このミルトンモデルは営業トークにもよく使われているもので、相手にアドバイスではなく抵抗なく気づきを与えるために効果的な話法です。

 

コンサルティングやカウンセリングにおいて、クライアントにコンサルタントやカウンセラーに対して信頼を置いてもらい、心を開いてもらうことが何よりも重要です。ミルトンモデルによって無意識のうちにメッセージを送ることができるようになるとクライアントは抵抗なく気づきを受け入れやすくなり、また、伝え方が高圧的にならないため、クライアントとの信頼関係を強固にしていくことができるのです。

 

まとめ

クライアントが抱く様々な問題に対して、まずは傾聴を行うことが必要不可欠ですが、そこで知りえたクライアントの問題をどのように解決していくかという時に、NLPの様々な技術を知ることで、アプローチの選択肢が大幅に広がります。
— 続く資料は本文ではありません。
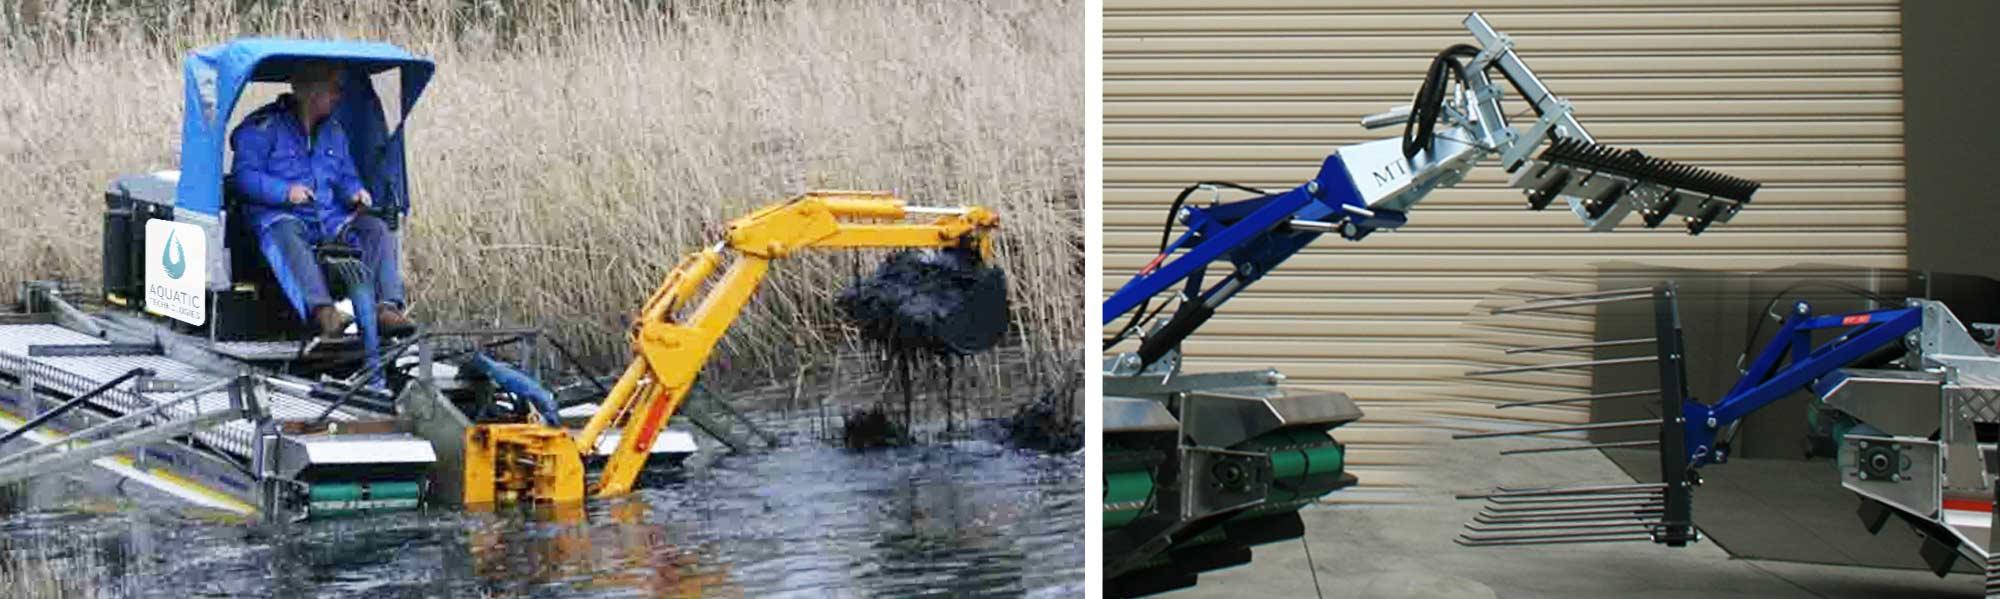 Mobitrac-amphibiouis-excavator
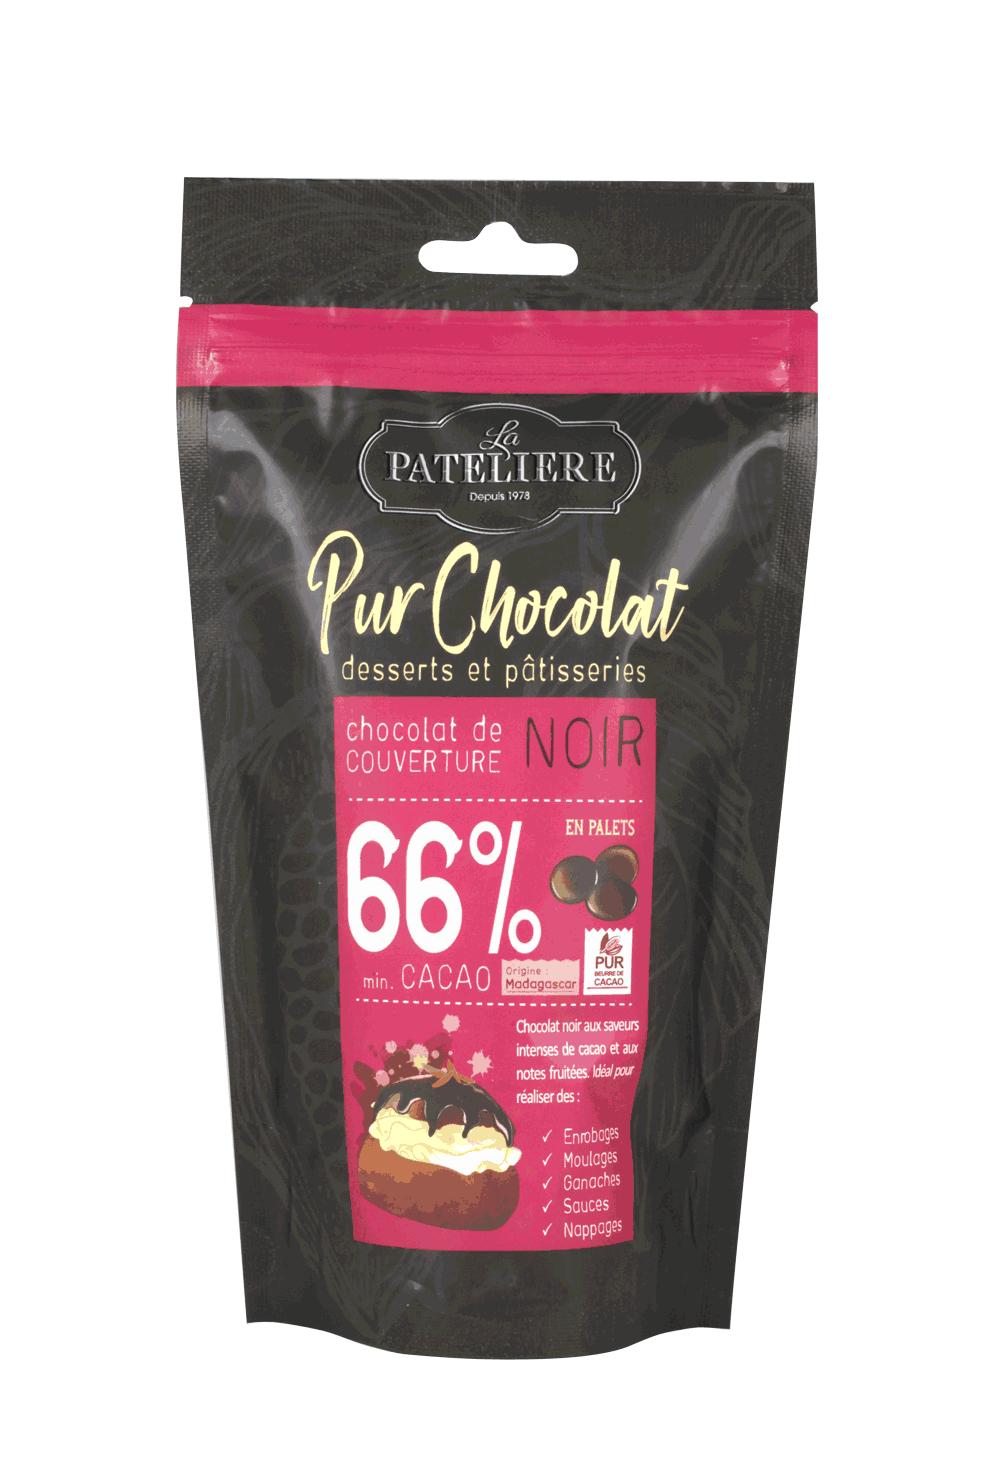 palets couverture 66 chocolat noir à pâtisser LA PATELIERE

たとえば、NLPにはここまでお伝えしてきた目標設定やメタモデルなどの質問技法やミルトンモデルの話法のみならず、恐怖症の対処や強迫観念からの脱却、飲酒や過食などの本当は止めたいのに止められない習慣などへの対処の技術もたくさんあります。

 

また、NLPを身につけると自分自身に対しても使えるため、キャリアコンサルタント、カウンセラーとしてクライアントに向き合うために自分自身の成長を促すこともできます。欧米ではセラピストやカウンセラーに加え、経営者や士業、コンサルタントなど様々な職種の人がNLPを学んでおり、セルフマネジメントに効果的であると広く認知されているのです。

 

ぜひNLPを学んでクライアントのサポート、そして自分自身の成長に役立てていただきたいと思います。